▸ SOURCE DATA
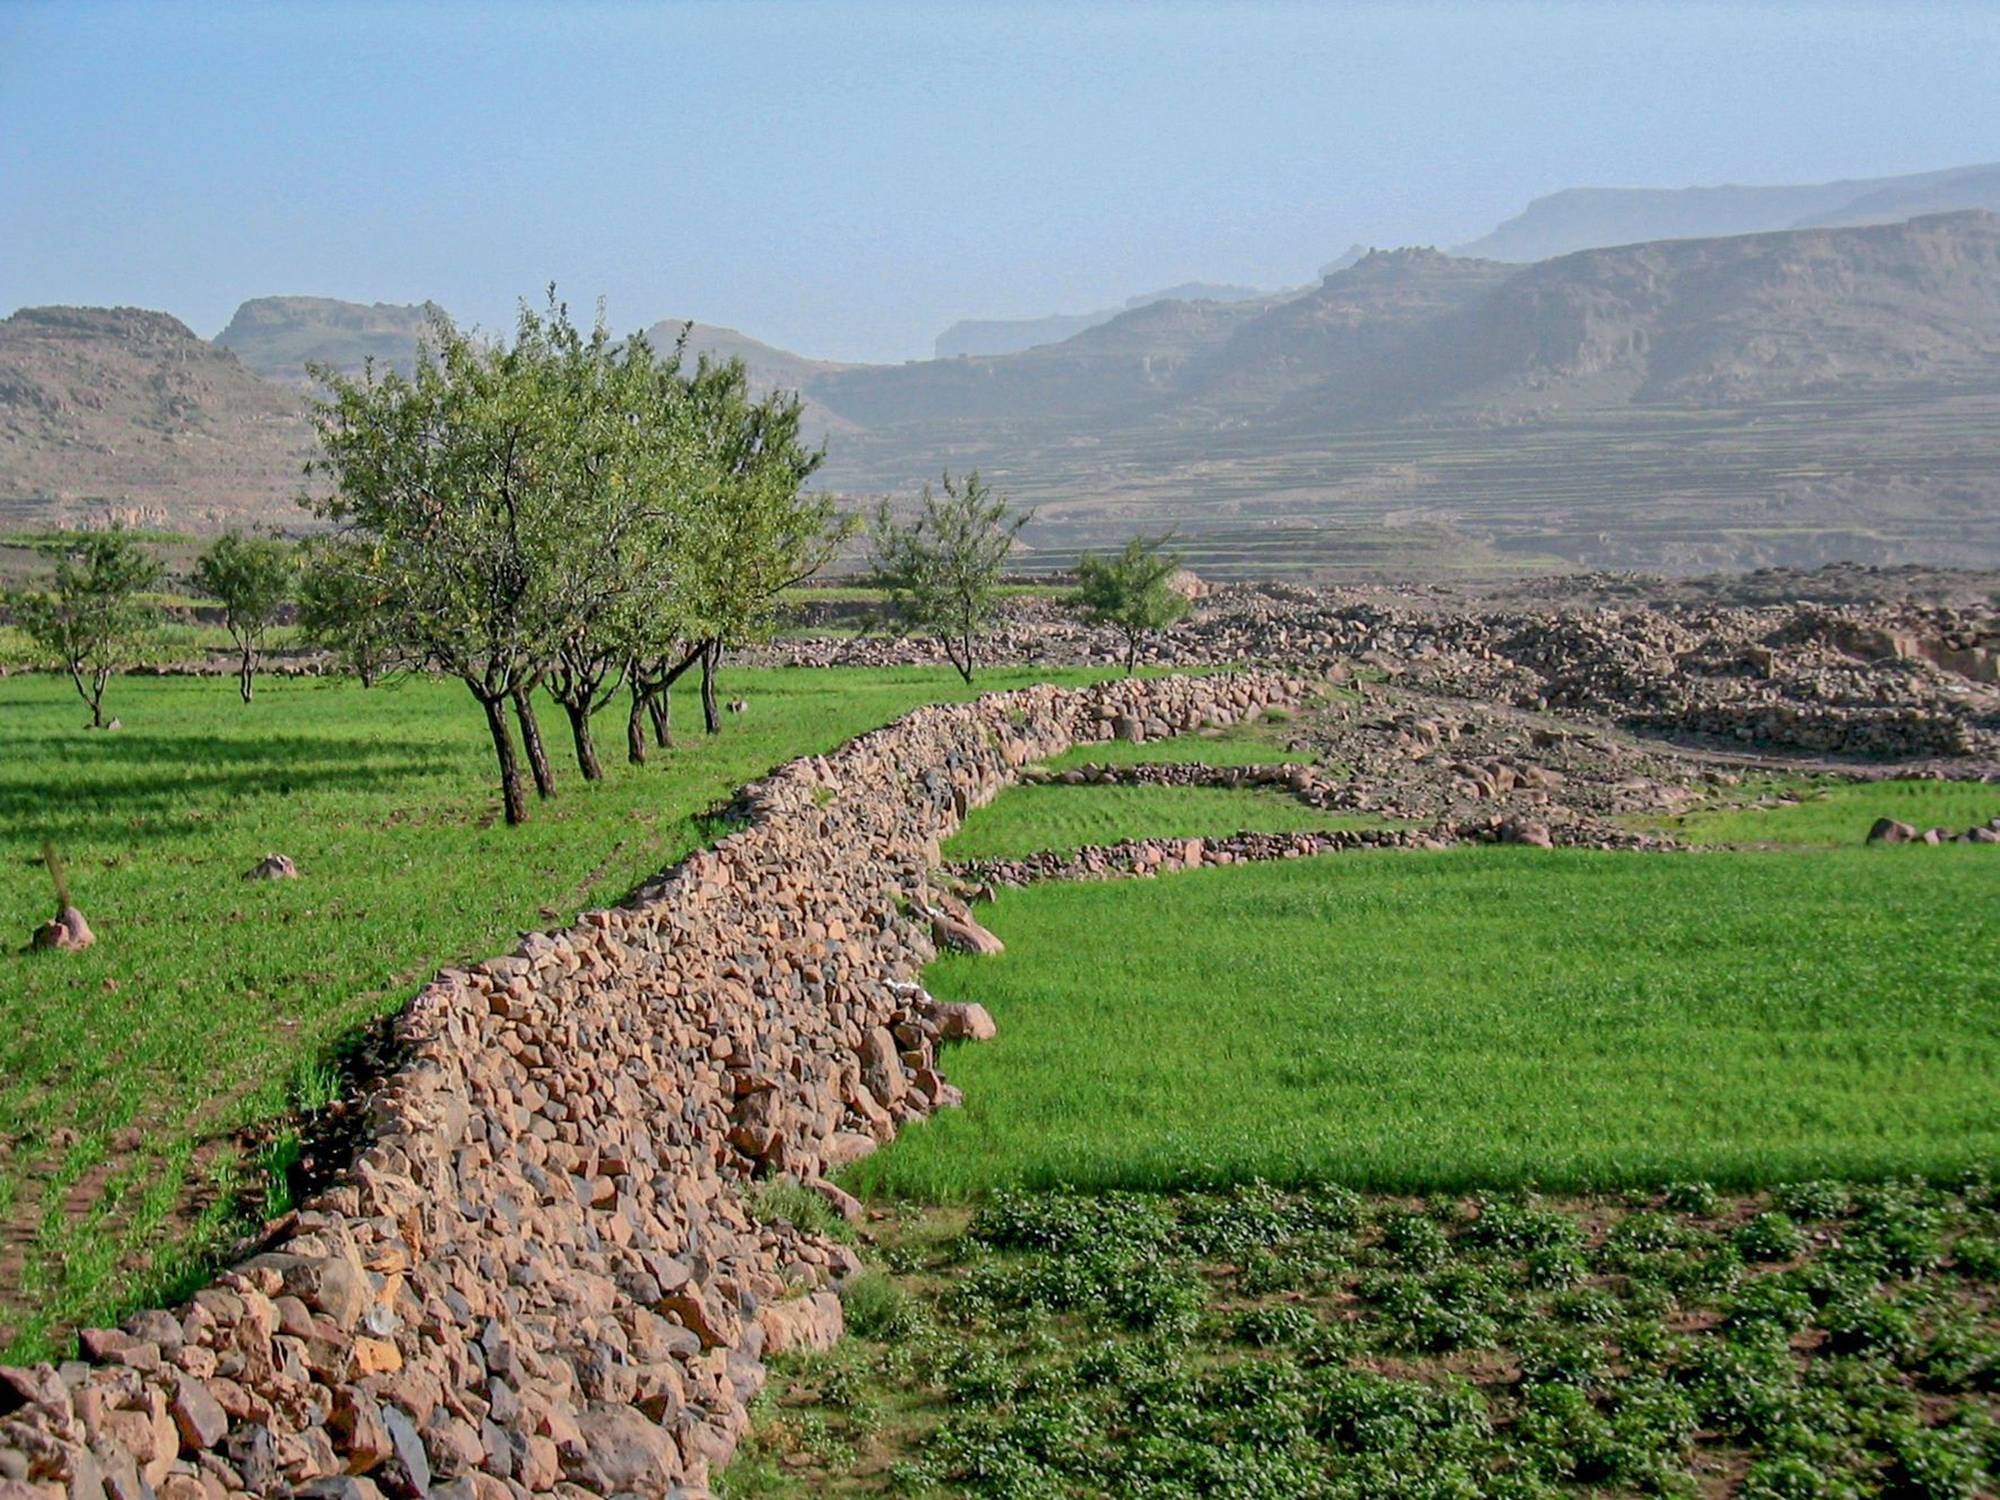 Hautes terres à l’ouest de Sanaa. Jérémie Schiettecatte (CNRS, UMR 8167, Orient & Méditerranée, Paris)
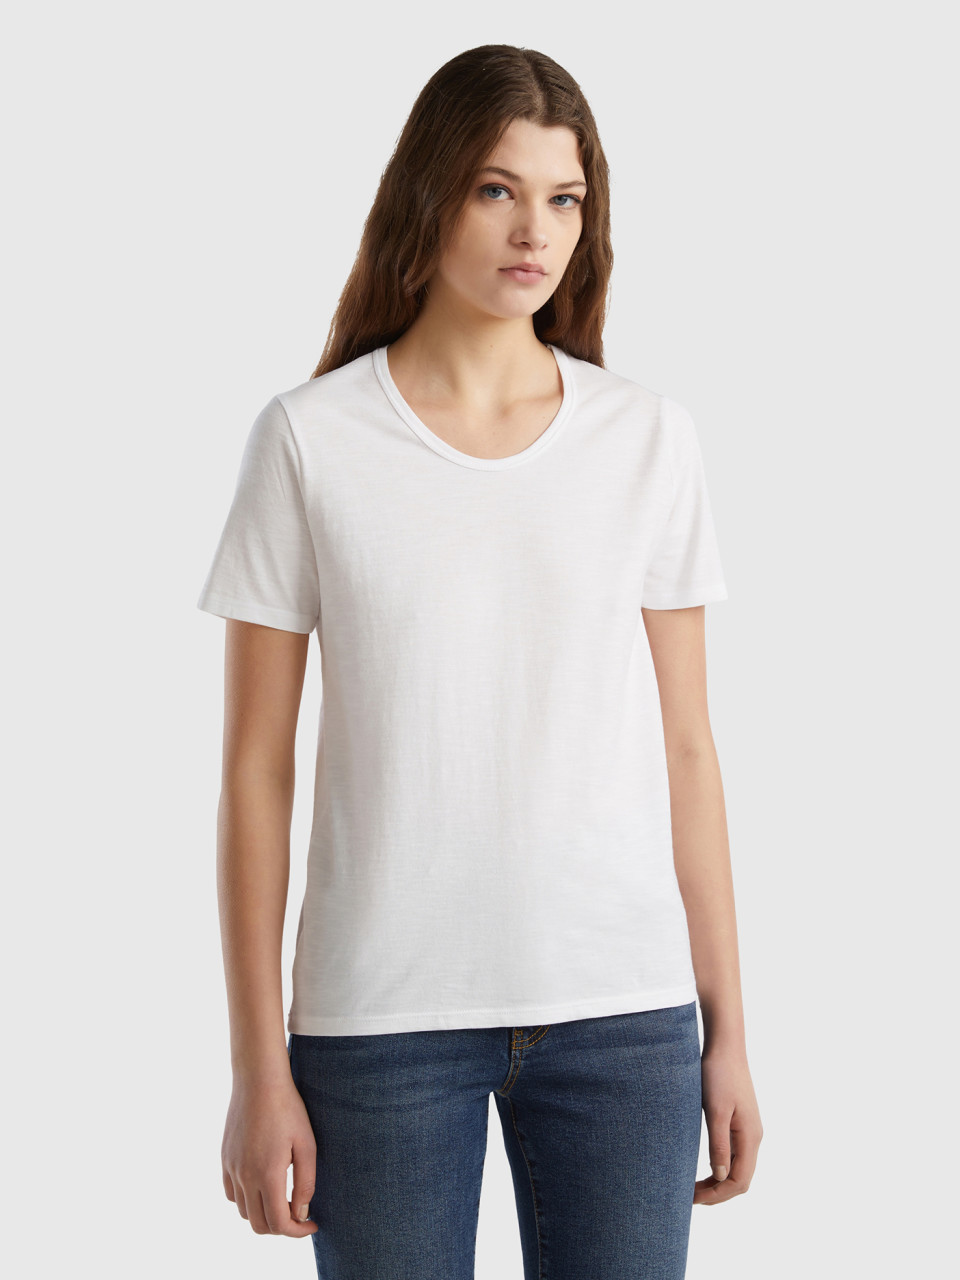 Benetton, Short Sleeve T-shirt Lightweight Cotton, White, Women
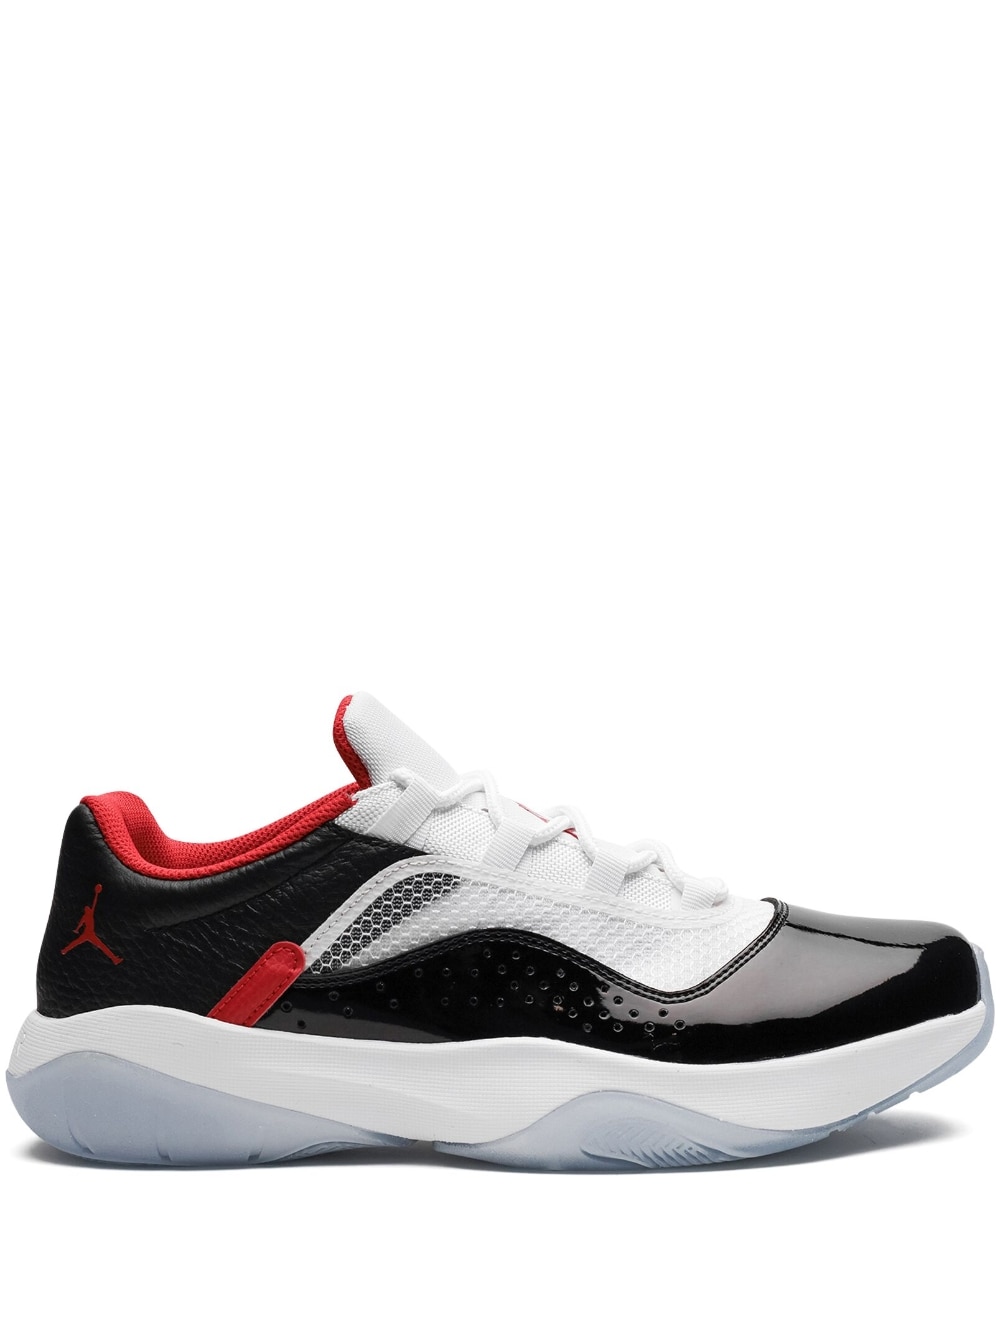 Jordan Air Jordan 11 CMFT Low "USA" sneakers - Black

▸ WHAT YOU NEED TO DO
From the first line to the last, output the data exactly; skip any pictures.

▸ OUTPUT BELOW
 Hautes terres à l’ouest de Sanaa. Jérémie Schiettecatte (CNRS, UMR 8167, Orient & Méditerranée, Paris)
 Benetton, Short Sleeve T-shirt Lightweight Cotton, White, Women
 Jordan Air Jordan 11 CMFT Low "USA" sneakers - Black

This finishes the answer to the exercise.